TSTP Solution File: RNG060+1 by SInE---0.4
View Problem
- Process Solution
%------------------------------------------------------------------------------
% File : SInE---0.4
% Problem : RNG060+1 : TPTP v5.0.0. Released v4.0.0.
% Transfm : none
% Format : tptp:raw
% Command : Source/sine.py -e eprover -t %d %s
% Computer : art09.cs.miami.edu
% Model : i686 i686
% CPU : Intel(R) Pentium(R) 4 CPU 2.80GHz @ 2793MHz
% Memory : 2018MB
% OS : Linux 2.6.26.8-57.fc8
% CPULimit : 300s
% DateTime : Sun Dec 26 01:55:59 EST 2010
% Result : Theorem 4.07s
% Output : CNFRefutation 4.07s
% Verified :
% SZS Type : Refutation
% Derivation depth : 23
% Number of leaves : 10
% Syntax : Number of formulae : 55 ( 16 unt; 0 def)
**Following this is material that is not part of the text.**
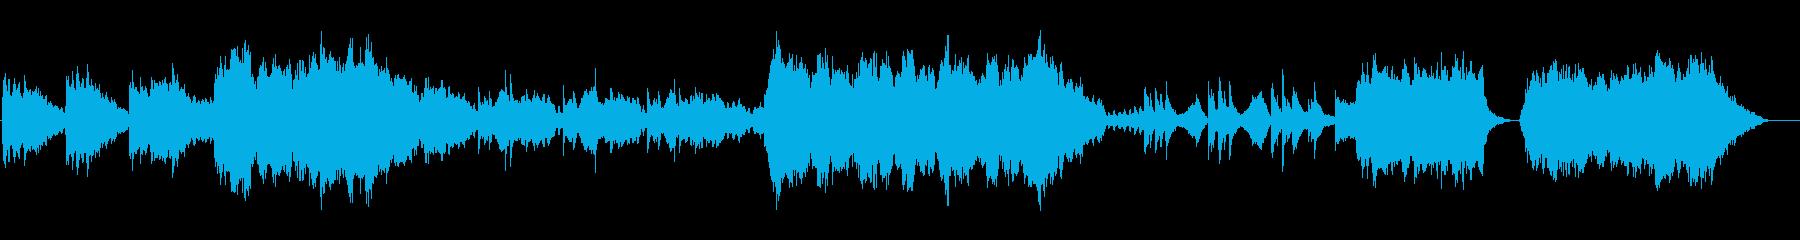 【オーケストラ】ノスタルジック_しんみりの再生済みの波形

% Number of atoms : 142 ( 42 equ)
% Maximal formula atoms : 6 ( 2 avg)
% Number of connectives : 148 ( 61 ~; 68 |; 15 &)
% ( 0 <=>; 4 =>; 0 <=; 0 <~>)
% Maximal formula depth : 10 ( 4 avg)
% Maximal term depth : 5 ( 2 avg)
% Number of predicates : 3 ( 1 usr; 1 prp; 0-2 aty)
% Number of functors : 13 ( 13 usr; 9 con; 0-2 aty)
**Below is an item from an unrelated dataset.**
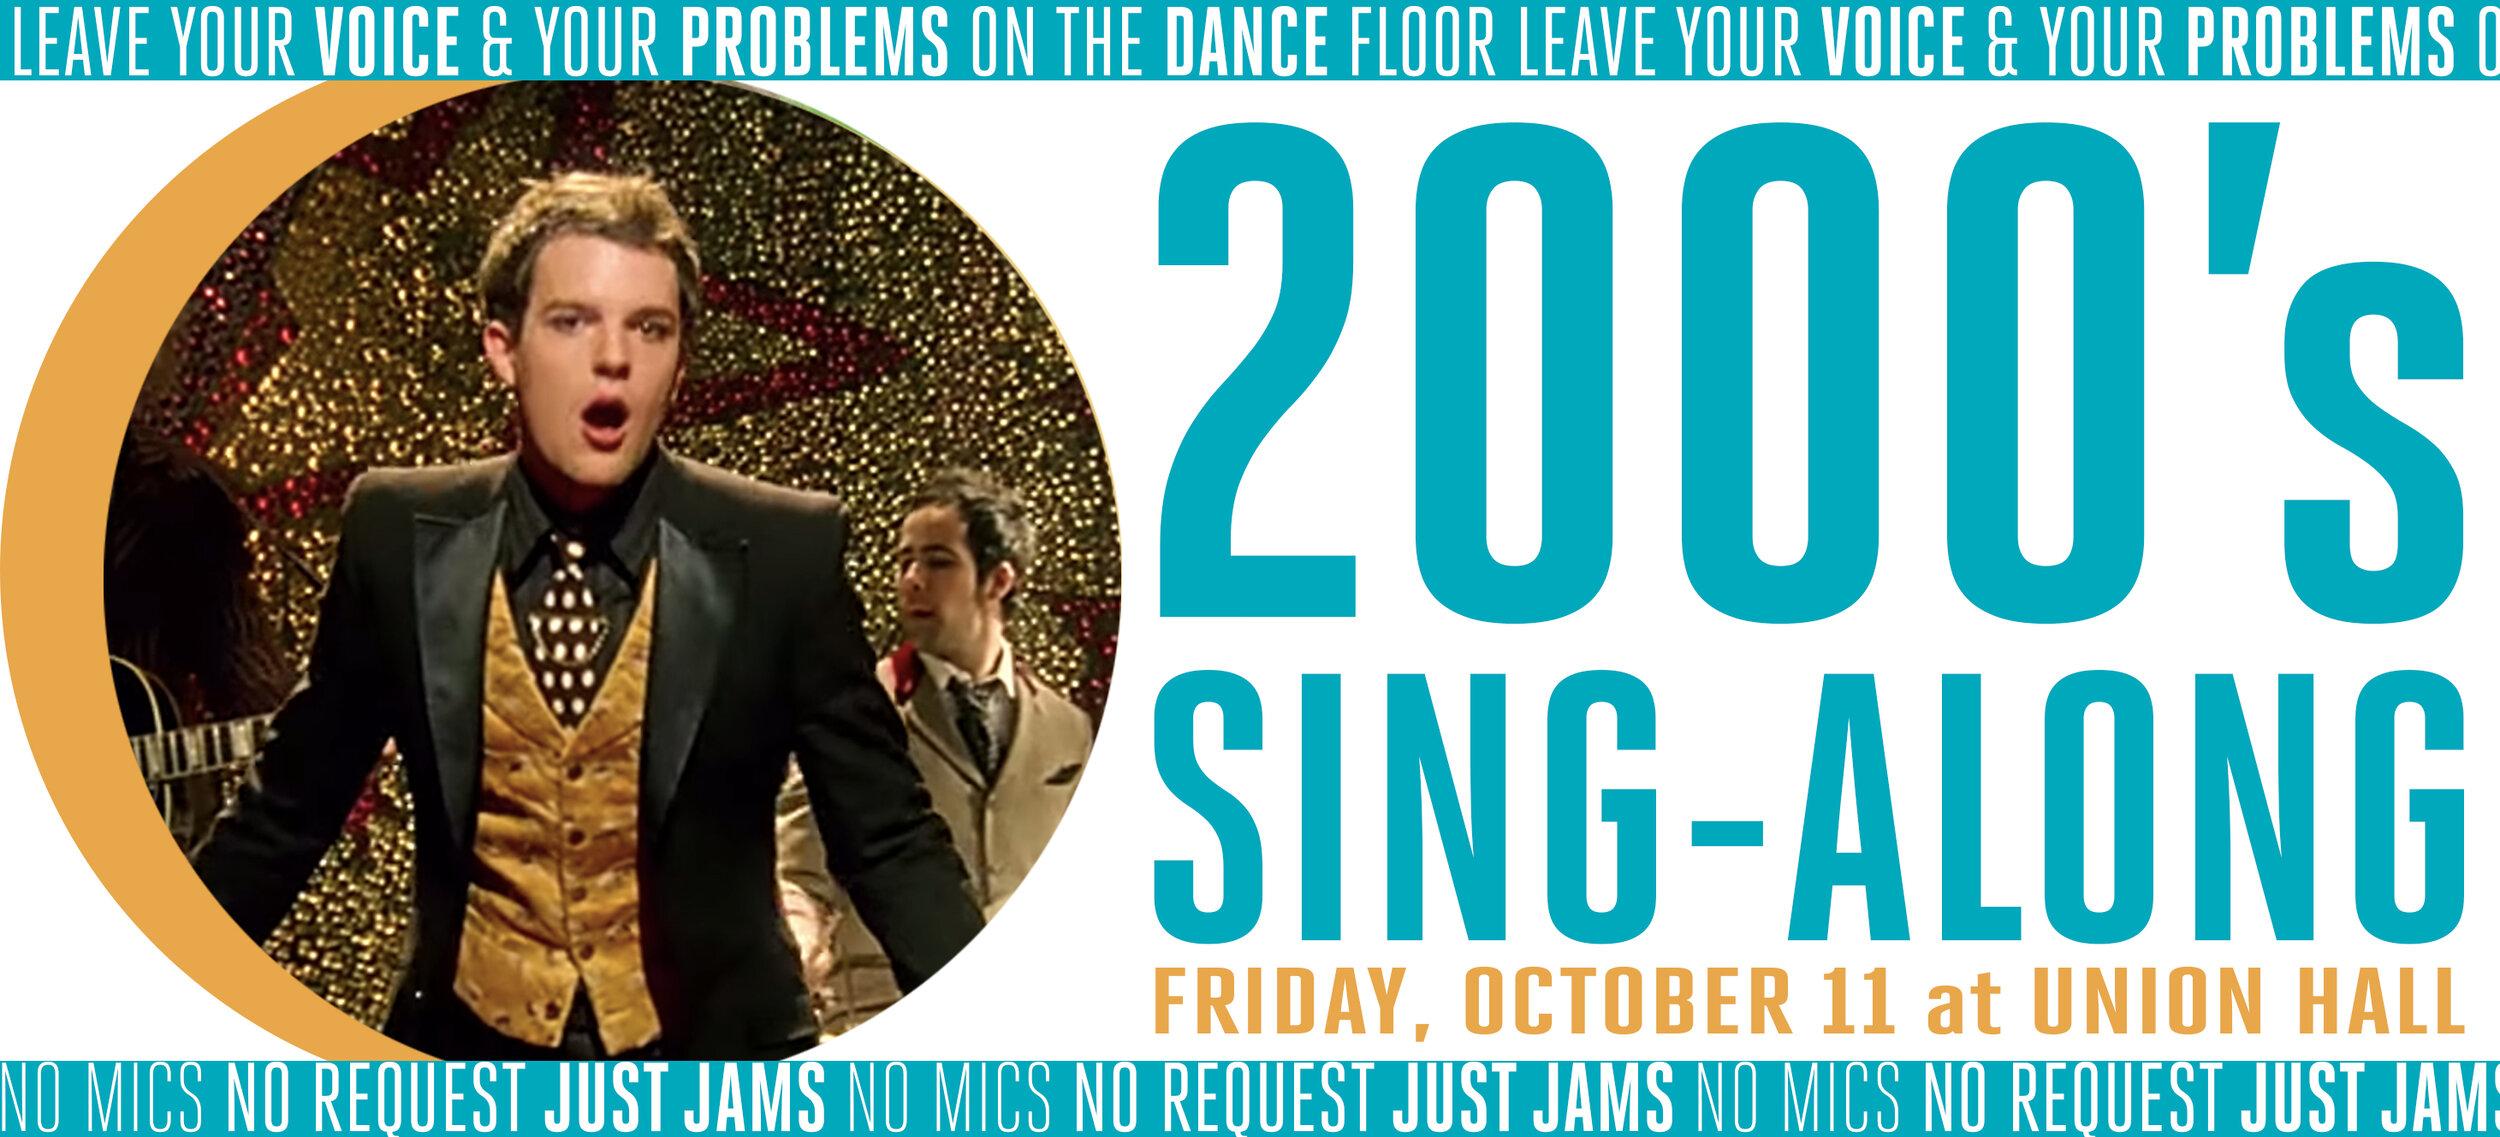 2000s SING-ALONG BANNER KILLERS.jpg

% Number of variables : 48 ( 0 sgn 29 !; 0 ?)
% Comments :
%------------------------------------------------------------------------------
fof(2,axiom,
! [X1,X2,X3,X4] :
( ( aScalar0(X1)
& aScalar0(X2)
& aScalar0(X3)
& aScalar0(X4) )
=> sdtasdt0(sdtpldt0(X1,X2),sdtpldt0(X3,X4)) = sdtpldt0(sdtpldt0(sdtasdt0(X1,X3),sdtasdt0(X1,X4)),sdtpldt0(sdtasdt0(X2,X3),sdtasdt0(X2,X4))) ),
file('/tmp/tmpfJUHmx/sel_RNG060+1.p_1',mDistr2) ).
fof(21,axiom,
! [X1] :
( aScalar0(X1)
=> aScalar0(smndt0(X1)) ),
file('/tmp/tmpfJUHmx/sel_RNG060+1.p_1',mNegSc) ).
fof(23,axiom,
( sdtasdt0(xR,smndt0(xS)) = smndt0(xN)
& sdtasdt0(smndt0(xS),xR) = smndt0(xN)
& sdtasdt0(smndt0(xS),smndt0(xS)) = sdtasdt0(xS,xS) ),
file('/tmp/tmpfJUHmx/sel_RNG060+1.p_1',m__2144) ).
fof(25,axiom,
( aScalar0(xF)
& xF = sdtasdt0(xA,xA) ),
file('/tmp/tmpfJUHmx/sel_RNG060+1.p_1',m__1837) ).
fof(35,axiom,
( aScalar0(xR)
& xR = sdtasdt0(xC,xG) ),
file('/tmp/tmpfJUHmx/sel_RNG060+1.p_1',m__1892) ).
fof(37,axiom,
( aScalar0(xS)
& xS = sdtasdt0(xF,xD) ),
file('/tmp/tmpfJUHmx/sel_RNG060+1.p_1',m__1930) ).
fof(43,axiom,
! [X1,X2] :
( ( aScalar0(X1)
& aScalar0(X2) )
=> aScalar0(sdtasdt0(X1,X2)) ),
file('/tmp/tmpfJUHmx/sel_RNG060+1.p_1',mMulSc) ).
fof(44,conjecture,
sdtasdt0(sdtpldt0(xR,smndt0(xS)),sdtpldt0(xR,smndt0(xS))) = sdtpldt0(sdtpldt0(sdtasdt0(xR,xR),smndt0(xN)),sdtpldt0(smndt0(xN),sdtasdt0(xS,xS))),
file('/tmp/tmpfJUHmx/sel_RNG060+1.p_1',m__) ).
fof(45,axiom,
! [X1,X2] :
( ( aScalar0(X1)
& aScalar0(X2) )
=> ( sdtasdt0(X1,smndt0(X2)) = smndt0(sdtasdt0(X1,X2))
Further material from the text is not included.